## TASK TO COMPLETE
Pictures excluded, copy all of the data below exactly.

## DATA SEGMENT
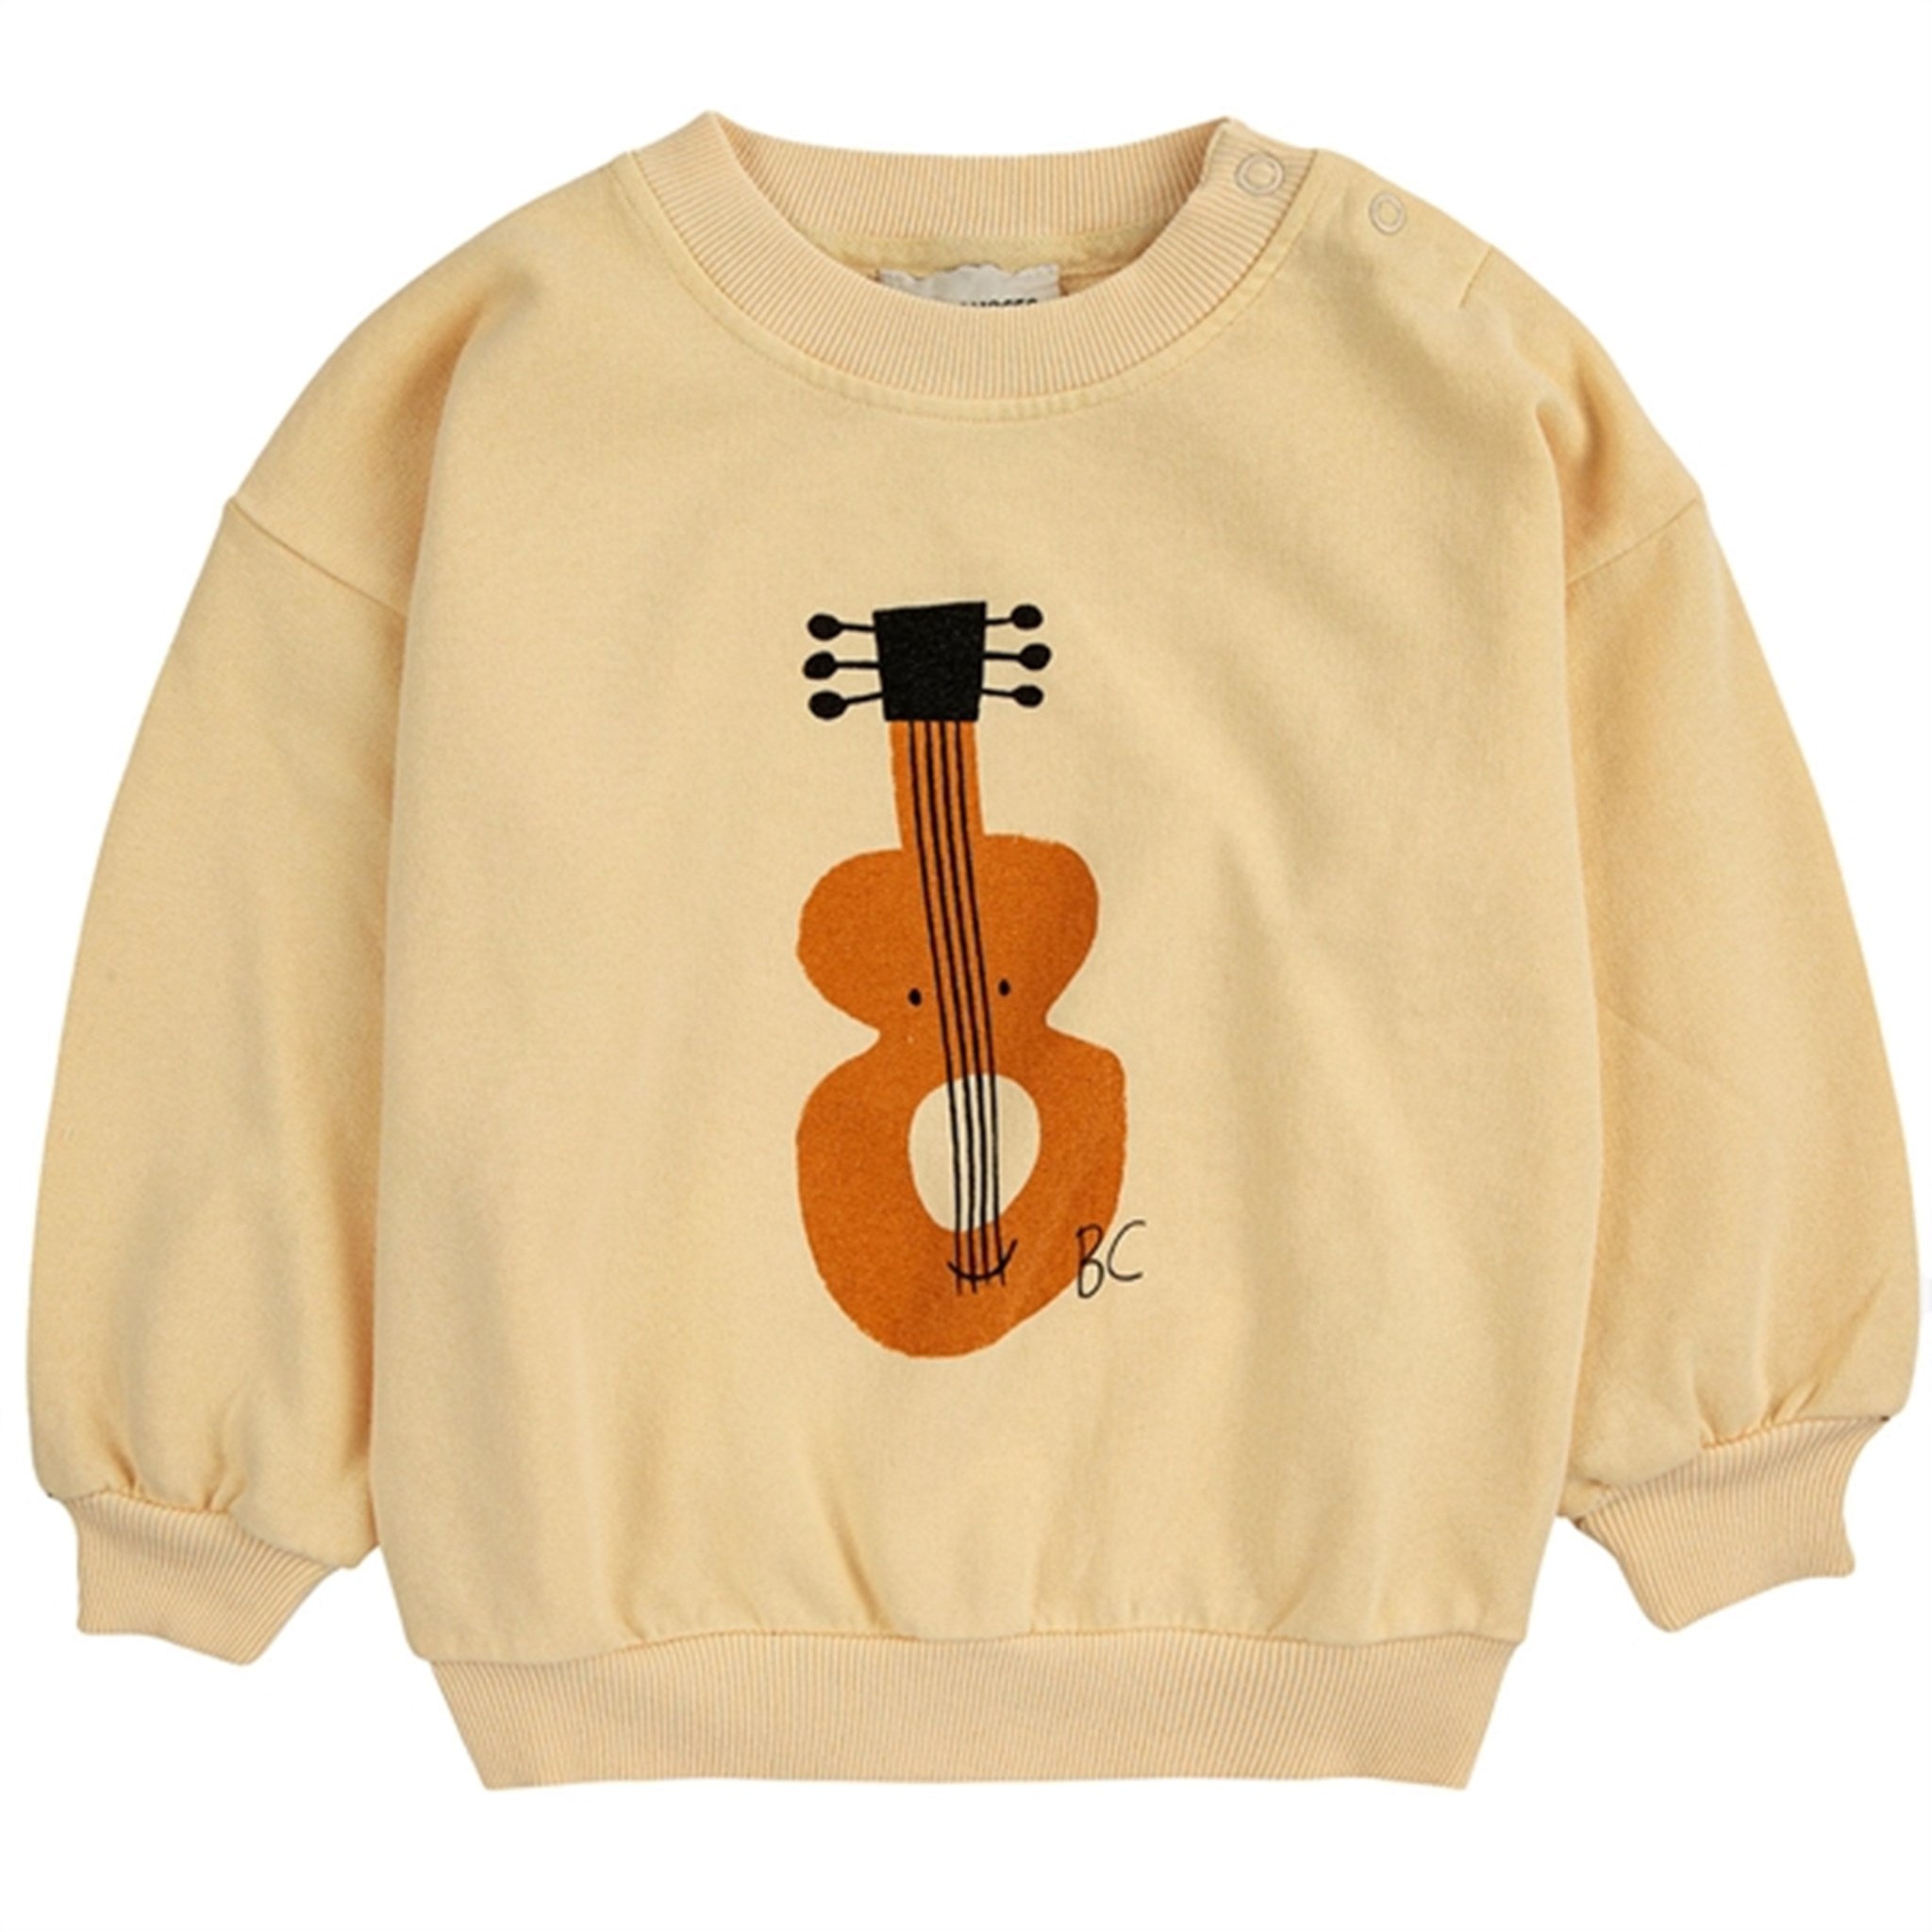 Bobo Choses Bebis Acoustic Guitar Sweatshirt Round Neck Light Yellow
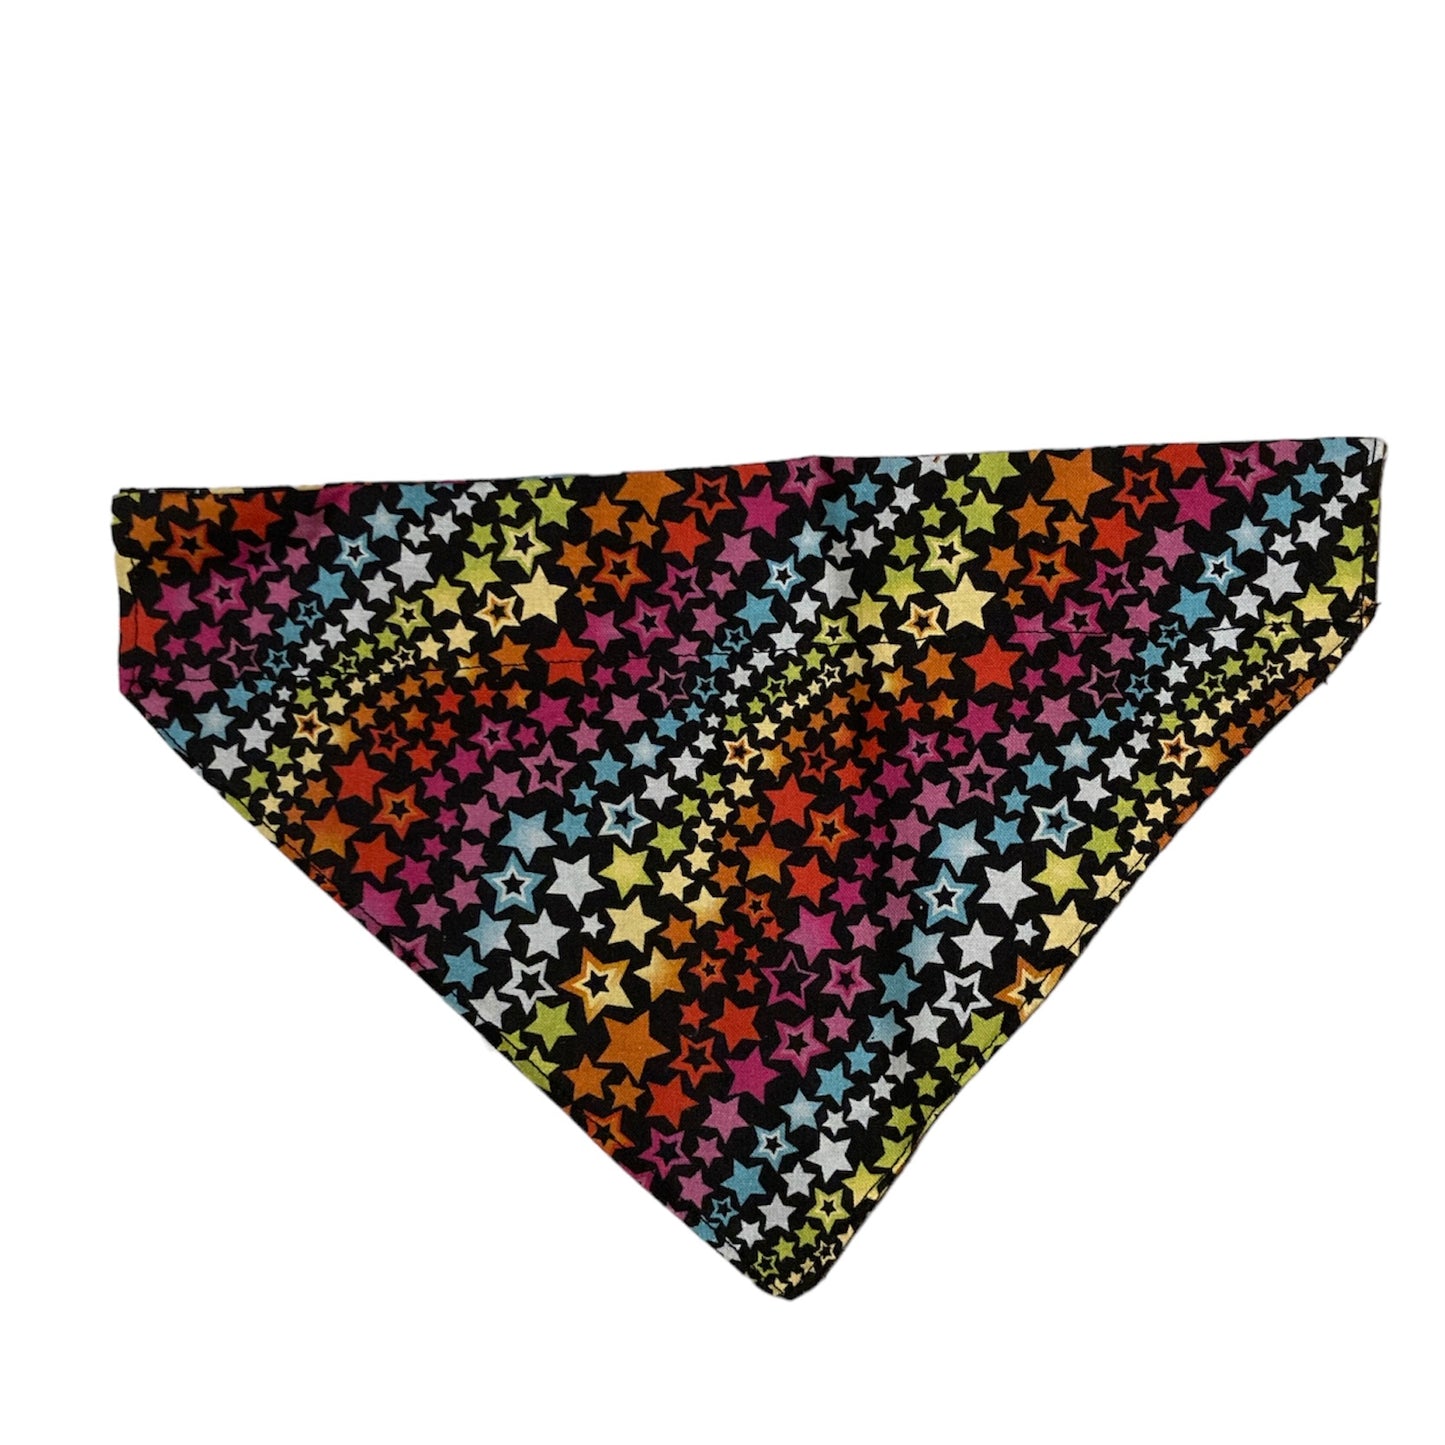 Rainbow stars dog bandana
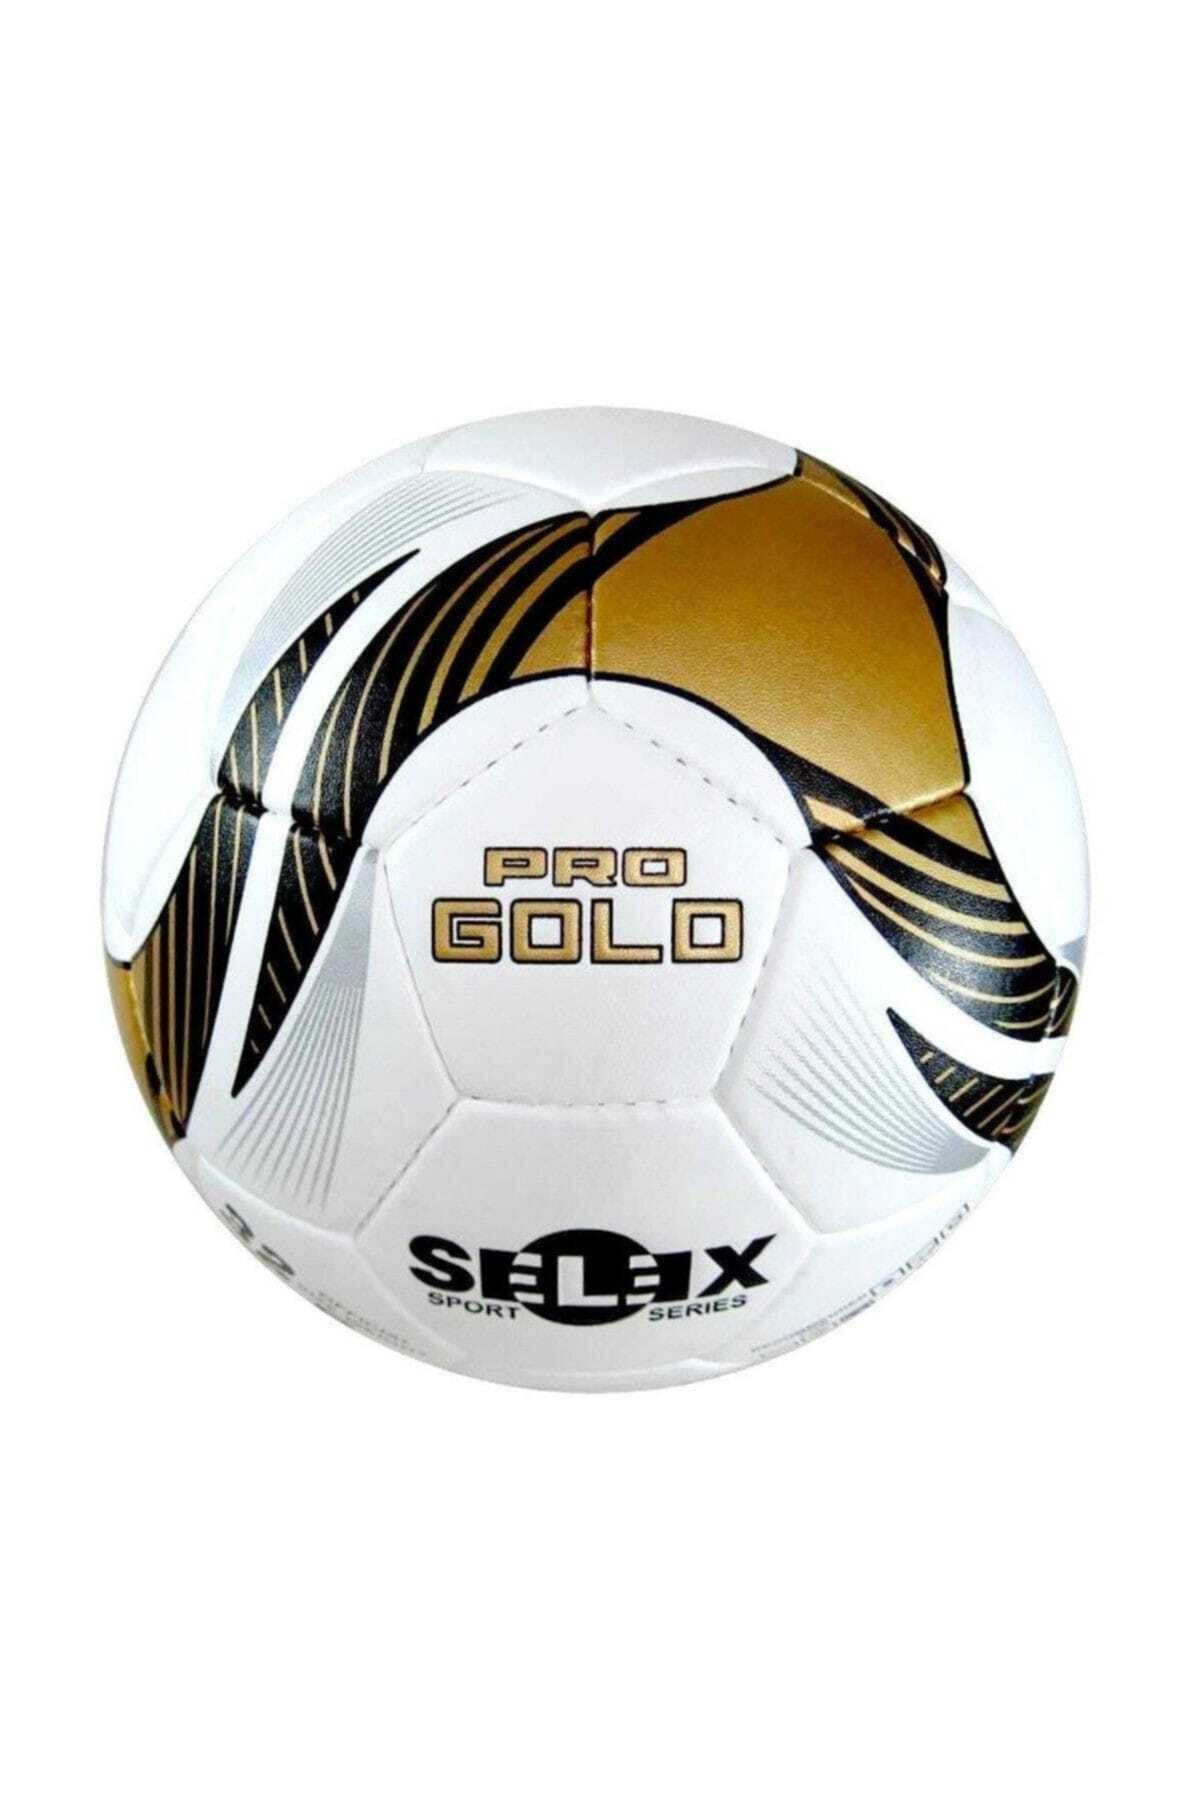 SELEX Top Futbol Selex Pro Gold

## TASK OUTPUT
 Bobo Choses Bebis Acoustic Guitar Sweatshirt Round Neck Light Yellow
 Rainbow stars dog bandana
 SELEX Top Futbol Selex Pro Gold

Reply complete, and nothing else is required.